Modified: pkg/ProbABEL/doc/ProbABEL_manual.tex
===================================================================
--- pkg/ProbABEL/doc/ProbABEL_manual.tex	2013-08-19 08:07:06 UTC (rev 1297)
+++ pkg/ProbABEL/doc/ProbABEL_manual.tex	2013-08-19 11:04:24 UTC (rev 1298)
@@ -33,6 +33,9 @@
 % get the links to the figures and tables right:
 \usepackage[all]{hypcap} % to be loaded after hyperref package
 
+% lowercase letters as footnote numerals (to avoid confusion with powers).
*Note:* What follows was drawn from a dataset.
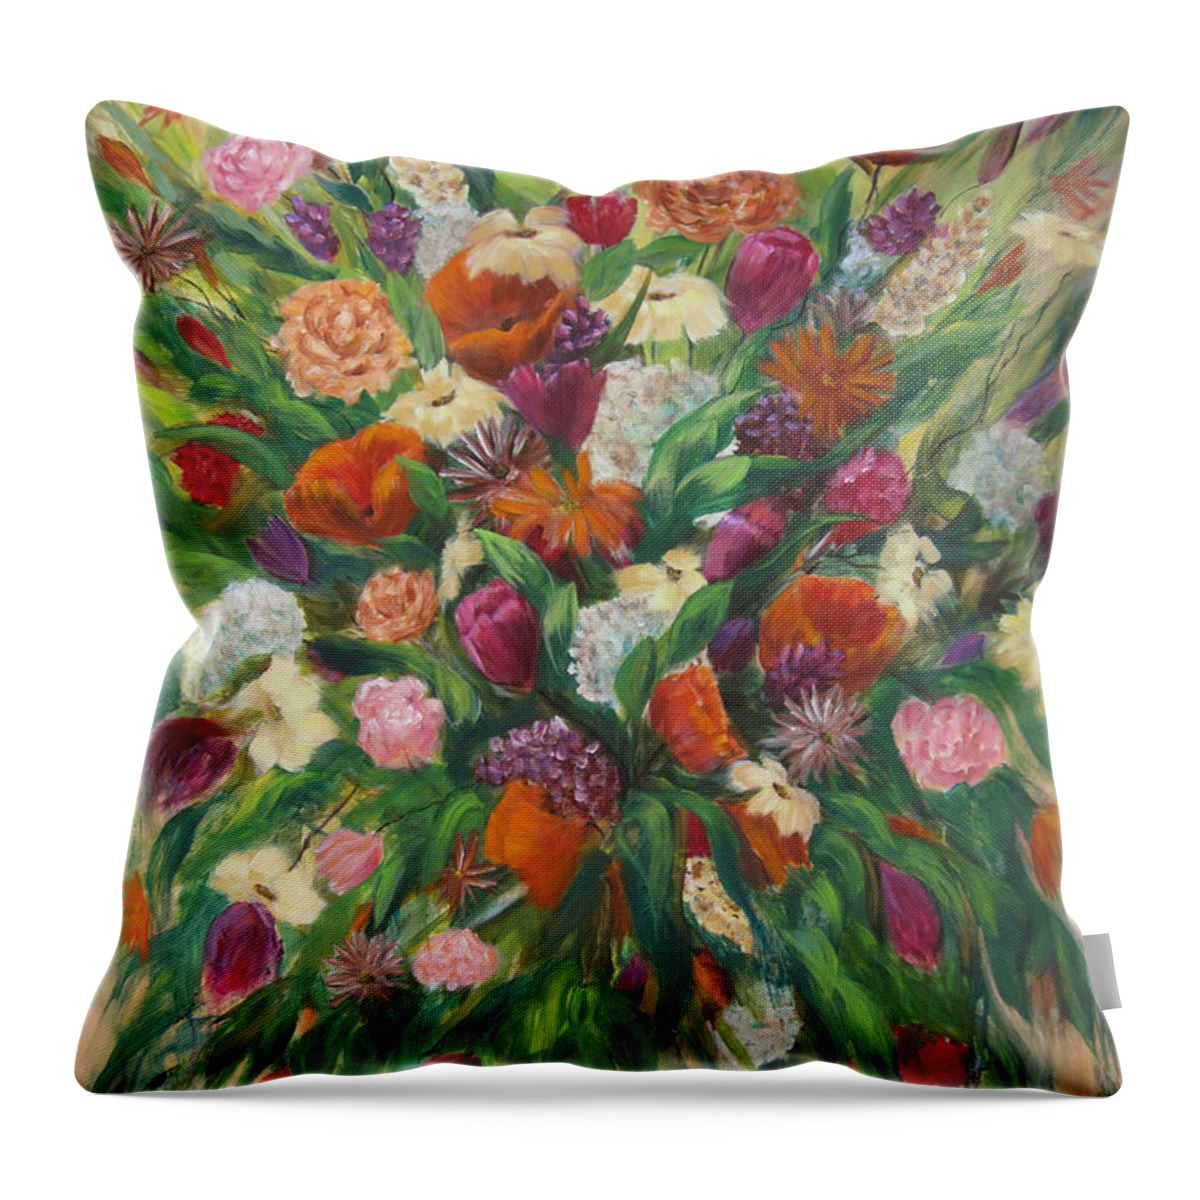 Flowers Throw Pillow featuring the painting Forever In Bloom by Roberta Rotunda

+\renewcommand{\thefootnote}{\alph{footnote}}
+
 \DeclareMathOperator{\var}{\mathbf{var}}
 
 \makeindex
@@ -488,10 +491,14 @@
 standard errors ($\text{SE}_\beta$), and the $\chi^2$ test value based
 on the likelihood ratio test. Note that for the additive, recessive,
 dominant and overdominant genetic models this is a $\chi^2$ of 1
-degree of freedom, whereas for the genotypic model this is a $\chi^2$
-of 2df.
+degree of freedom (df), whereas for the genotypic model this is a
+$\chi^2$ of 2df. If the \texttt{--mmscore} option is used, the
+$\chi^2$ values are calculated from the Wald statistic
+(1df)\footnote{For the genotypic (2df) model the $\chi^2$ values can't
+  be simply calculated using the Wald statistic, consequently the
+  $\chi^2$ values are set to \texttt{nan}. A fix for this needs to be
+  implemented still.}.
 
-
 \section{Preparing input files}
 After installing \PA{} you can find the \texttt{prepare\_data.R} file
 in the \texttt{scripts} directory. It is an R script that arranges

Modified: pkg/ProbABEL/src/main.cpp
===================================================================
--- pkg/ProbABEL/src/main.cpp	2013-08-19 08:07:06 UTC (rev 1297)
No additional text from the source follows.